As I understand it, the procedure will be that after the Court’s general voir dire, both parties, the prosecution and the defense, will be able to individually voir dire the members of the 40, each juror who’s selected within that 40 group.
At the conclusion of — well, during this phase, there would be challenges for cause to each of the jurors. At the conclusion of the challenges for cause, we would then *102 alternately strike each juror [peremptorily] from within the 12 seated in the box; and juror number 13 would replace the first person who is removed. And everybody, the rest of the 27, then would move up the line.
I would submit to the Court at this point we would object to the procedure as being violative of [HRS §] 635-26 which governs the [impaneling] of the jury. It appears that while there is compliance with the first portion of the statute, that is, the clerk of the court shall draw by lot such juiy to the number of 12 from the box containing the names of such persons as have been duly summoned to attend this trial and who are not excused from attendance while that portion has been complied with [sic].
The subsequent portion appears to deviate from the statute in the sense that the statute appears to contemplate a method of striking and replacing jurors at random. In other words, if juror number six is [peremptorily] excused, then a juror would be selected at random from the remaining members of the panel.
It’s similar to a situation of almost forum shopping; but with respect to the jurors, it looks like juror shopping. That is, I know I excused four. I know who the juror is who’s going to replace that juror, and that type of knowledge I don’t think was anticipated by the statute.

Tr. 2/11/91 at 2-4.

The court overruled appellant’s objection stating that it would continue to follow its intended custom of jury selection. The court outlined this process for the record:

[THE COURT:] Jury selection will commence with the random selection of 40 names from the divisional jury *103 list. These names will be recorded in the order in which they are drawn. The Court will conduct a general voir dire. And as individual jurors are excused for cause, be it hardship, bias or what have you, they will be replaced by a new 40, this juror whose name will go to the bottom of the list. So that at any given time we are addressing in voir dire 40 jurors. Ultimately, a panel or a group of 40 jurors is passed for cause. If either party has challenged one or more of the 40 for cause but the Court has disallowed the challenge, then we still have the panel of 40.

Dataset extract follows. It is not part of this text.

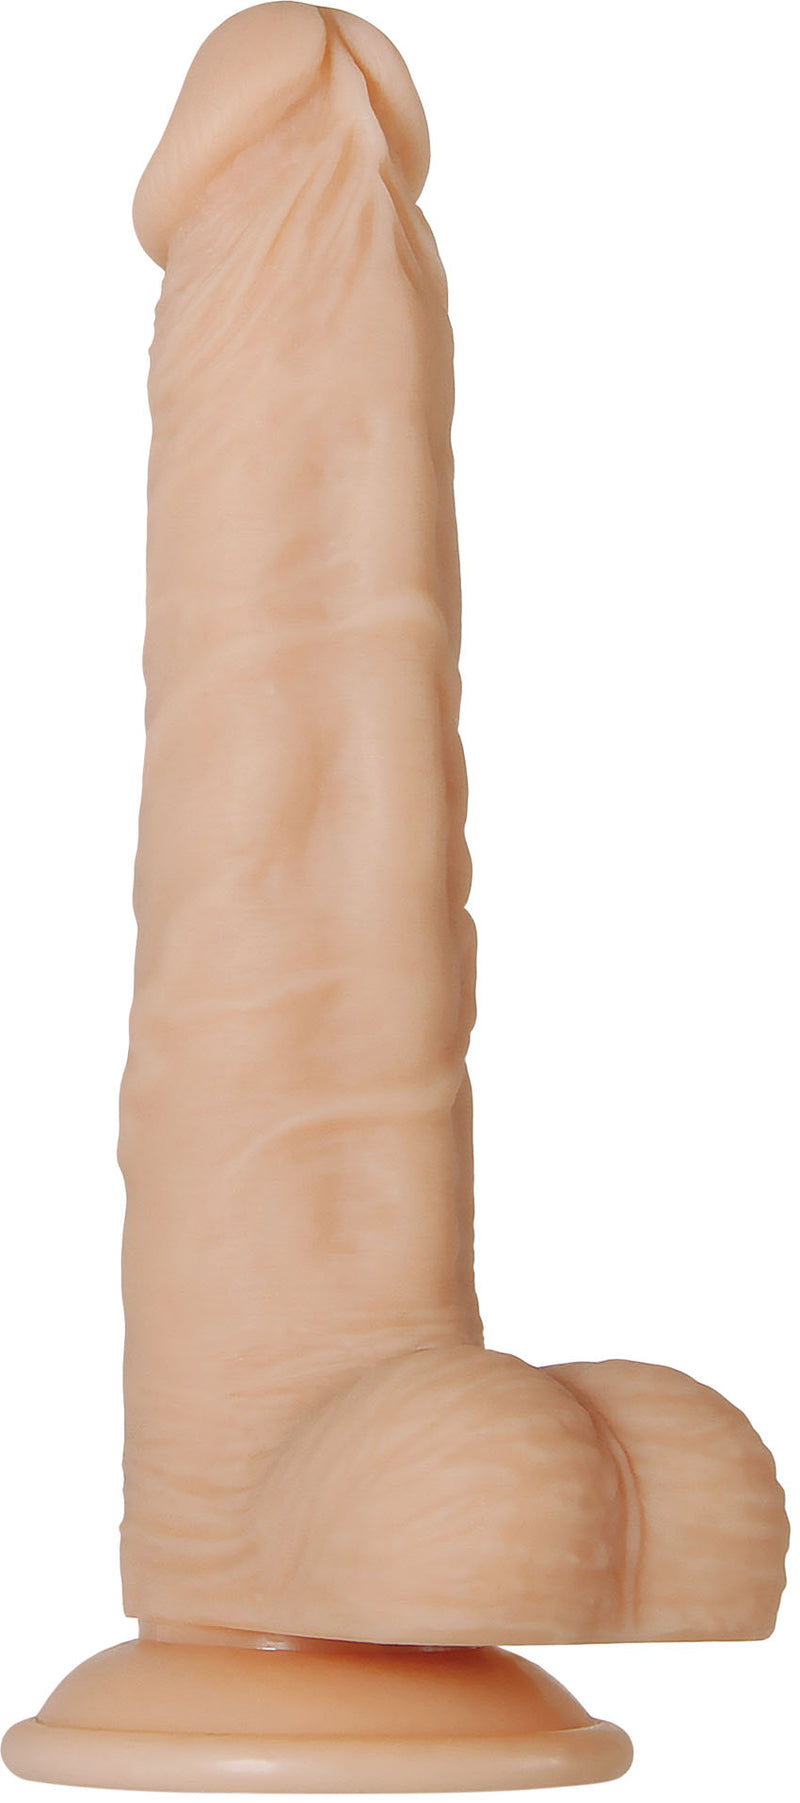 9-Inch Realistic Silicone Dildo with 6 Vibration Modes and Suction Cup Base

Obviously, before we reach the point of passing the group of 40 for cause, each counsel will have had an opportunity to engage in or conduct individual voir dire. The Court allows each side 90 minutes for that purpose.
[Peremptories] are generally exercised out of the presence of the jury panel, although if either party wishes, the [peremptories] may be exercised at the bench out of the presence of the jury if that deems [sic] advantageous. It goes more quickly if the jury panel is excused, and the parties know who they wish to challenge [peremptorily].

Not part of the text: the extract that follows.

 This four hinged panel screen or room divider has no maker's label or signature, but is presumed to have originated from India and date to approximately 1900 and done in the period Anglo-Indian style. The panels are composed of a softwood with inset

Any given [peremptory] challenge may only be exercised as to the then first 12 names in order. Any juror so challenged would be replaced by the then 13th name in order, then becoming the 12th. From a statistical point of view, the randomness of the system is identical to what is described in the statute. Were we simply to draw 12 names at random from the outset from a standpoint the 13th name will be the same name as the 13th name we have already drawn at random.
Mr. Thompson is correct under the strike and replace system, we don’t know until we hear the name who that 13th person is. Under the struck jury system that the Court follows, we still don’t know the 13th name [until] *104 we hear it; but we’ve already heard the [name] prior to exercise [peremptory] of challenge.

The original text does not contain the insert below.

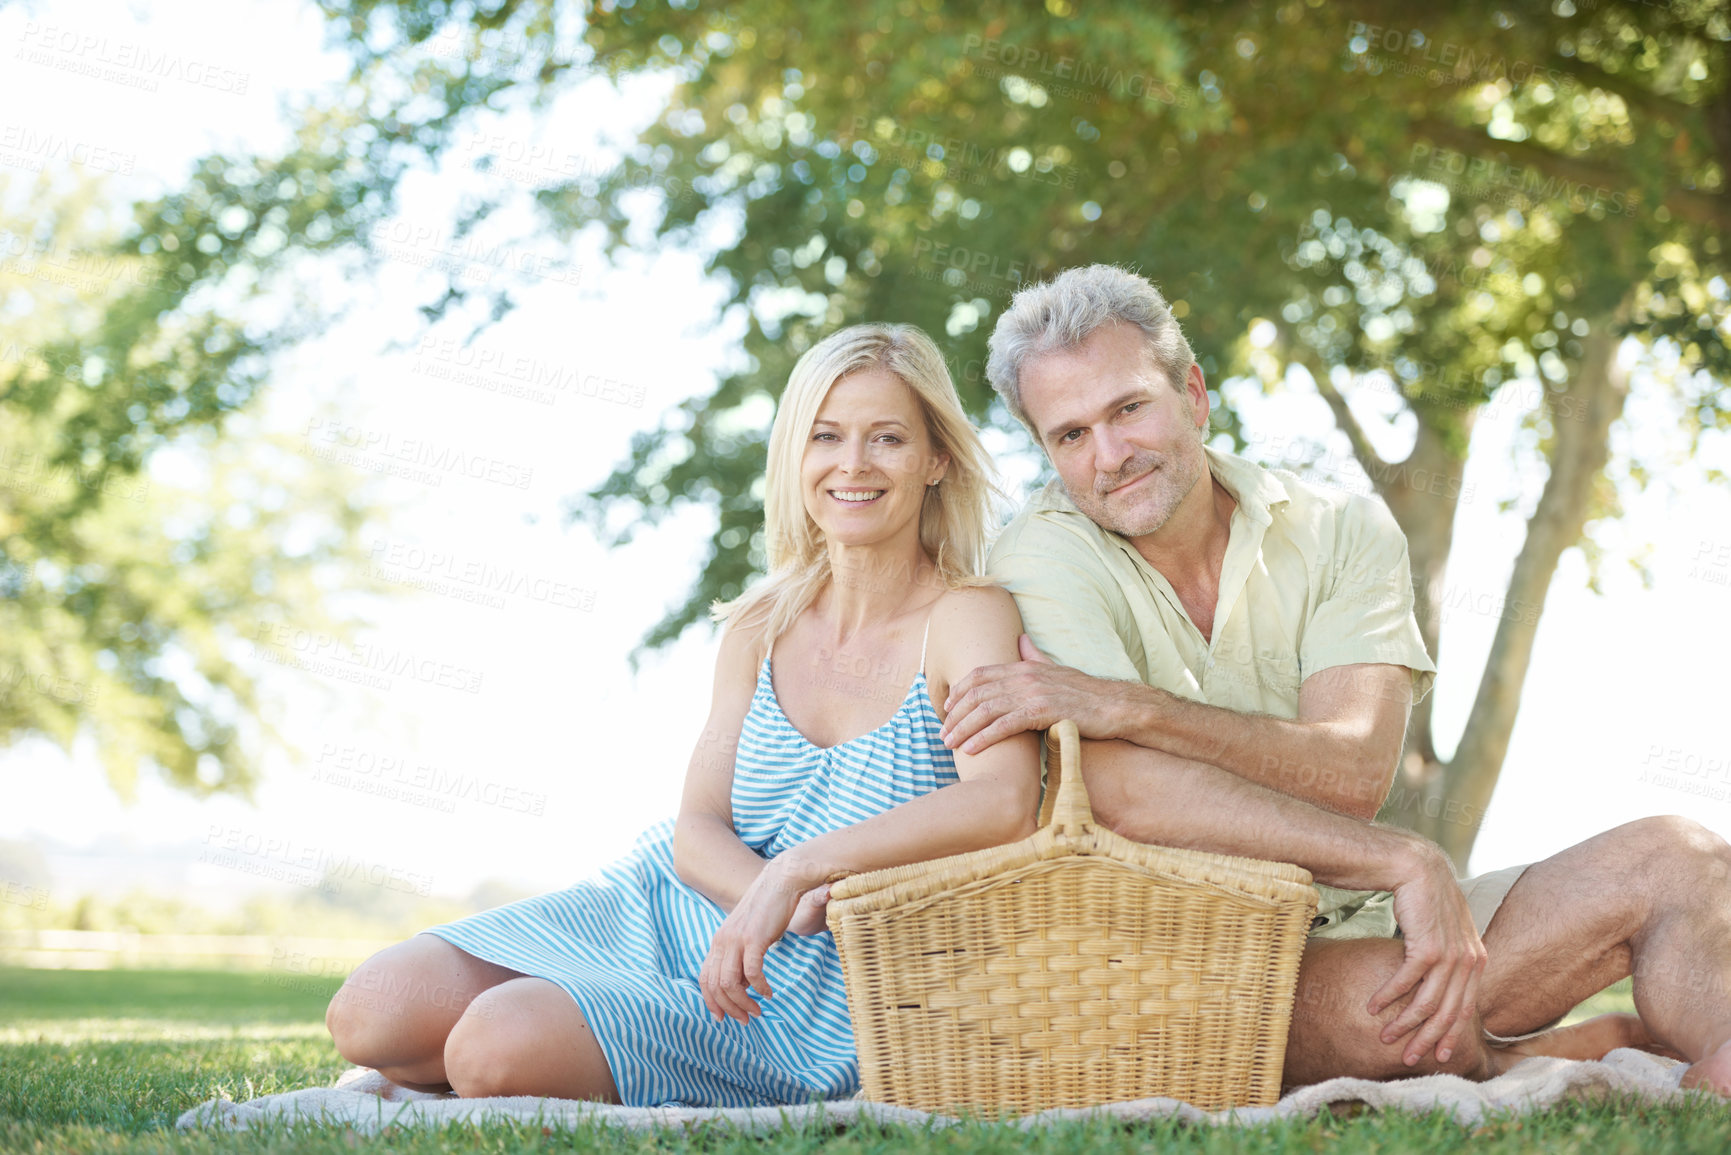 Buy stock photo A happy husband and wife sitting in a park with a picnic basket

If every [peremptory] challenge that the parties are entitled to is exercised, we’re back into a jury of 12, plus two alternates. The 13th challenge, incidentally, being designated for the alternates may only be exercised with respect to the then 13th and 14th names in order [sic] the people who would be alternates if no further challenges were exercised.
It’s the Court’s view that the struck jury method that I have described does not violate the letter or the spirit of [HRS §] 635-26 []. I’m inclined to agree with Mr. Thompson that the legislature probably had the strike and replace system in mind when it originally enacted the precursor to Section 635-26 in 1903, but the Court does not regard that statute as worded as being inconsistent with the use of the struck jury method as I have described it.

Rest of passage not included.